MRC Laboratory of Molecular Biology, Cambridge CB2 0QH, UK.
Nucleic Acids Res. 2010 Nov;38(21):7364-77. doi: 10.1093/nar/gkq617. Epub 2010 Jul 30.
Sequence-specific transcription factors (TFs) are important to genetic regulation in all organisms because they recognize and directly bind to regulatory regions on DNA. Here, we survey and summarize the TF resources available. We outline the organisms for which TF annotation is provided, and discuss the criteria and methods used to annotate TFs by different databases. By using genomic TF repertoires from ∼700 genomes across the tree of life, covering Bacteria, Archaea and Eukaryota, we review TF abundance with respect to the number of genes, as well as their structural complexity in diverse lineages. While typical eukaryotic TFs are longer than the average eukaryotic proteins, the inverse is true for prokaryotes. Only in eukaryotes does the same family of DNA-binding domain (DBD) occur multiple times within one polypeptide chain. This potentially increases the length and diversity of DNA-recognition sequence by reusing DBDs from the same family. We examined the increase in TF abundance with the number of genes in genomes, using the largest set of prokaryotic and eukaryotic genomes to date. As pointed out before, prokaryotic TFs increase faster than linearly. We further observe a similar relationship in eukaryotic genomes with a slower increase in TFs.
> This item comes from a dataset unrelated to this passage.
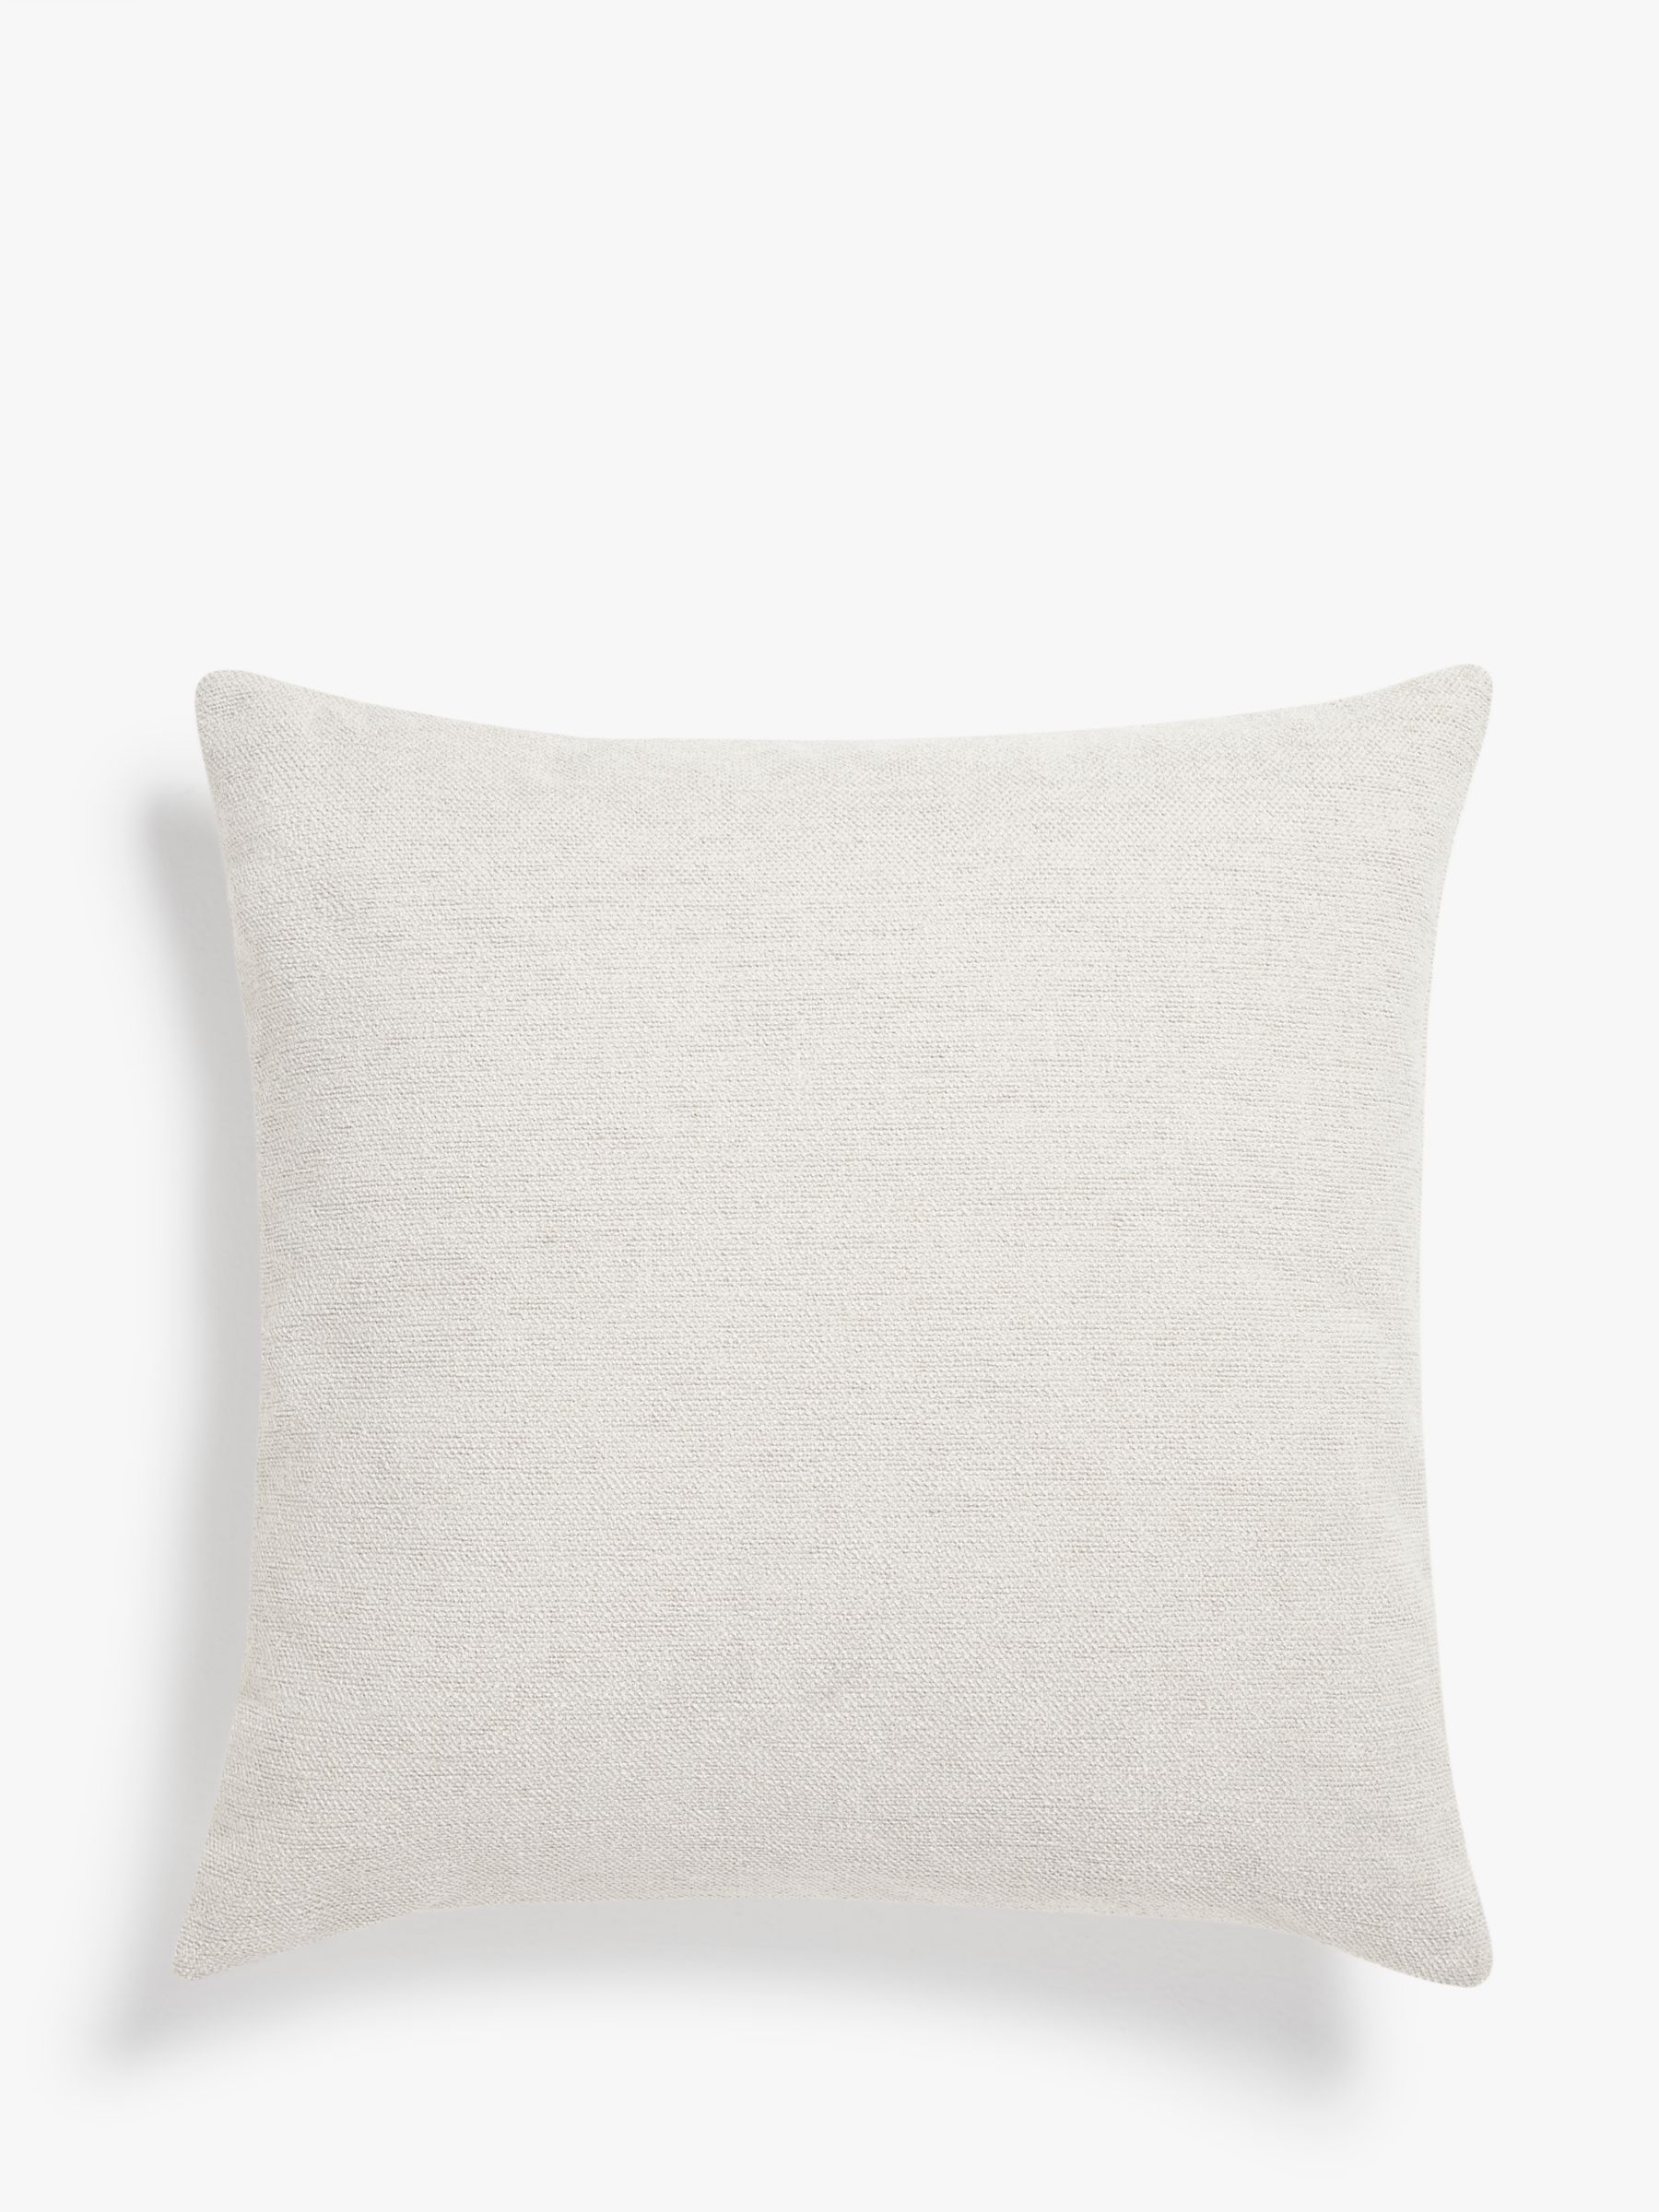 Design Project by John Lewis No.033 Cushion, White

序列特异性转录因子(TFs)对于所有生物体的遗传调控都很重要,因为它们可以识别并直接结合到 DNA 上的调控区域。在这里,我们调查并总结了可用的 TF 资源。我们概述了提供 TF 注释的生物体,并讨论了不同数据库用于注释 TF 的标准和方法。通过使用来自生命之树中约 700 个基因组的基因组 TF 库,涵盖细菌、古菌和真核生物,我们根据基因数量以及它们在不同谱系中的结构复杂性来审查 TF 的丰度。虽然典型的真核 TF 比平均真核蛋白长,但原核生物则相反。只有在真核生物中,同一个 DNA 结合域(DBD)家族才会在一个多肽链中多次出现。这通过重复使用来自同一家族的 DBD 来潜在地增加 DNA 识别序列的长度和多样性。我们使用迄今为止最大的一组原核和真核基因组,检查了 TF 丰度随基因组中基因数量的增加而增加的情况。正如之前指出的,原核 TF 的增长速度快于线性。我们还观察到真核基因组中存在类似的关系,TF 的增长速度较慢。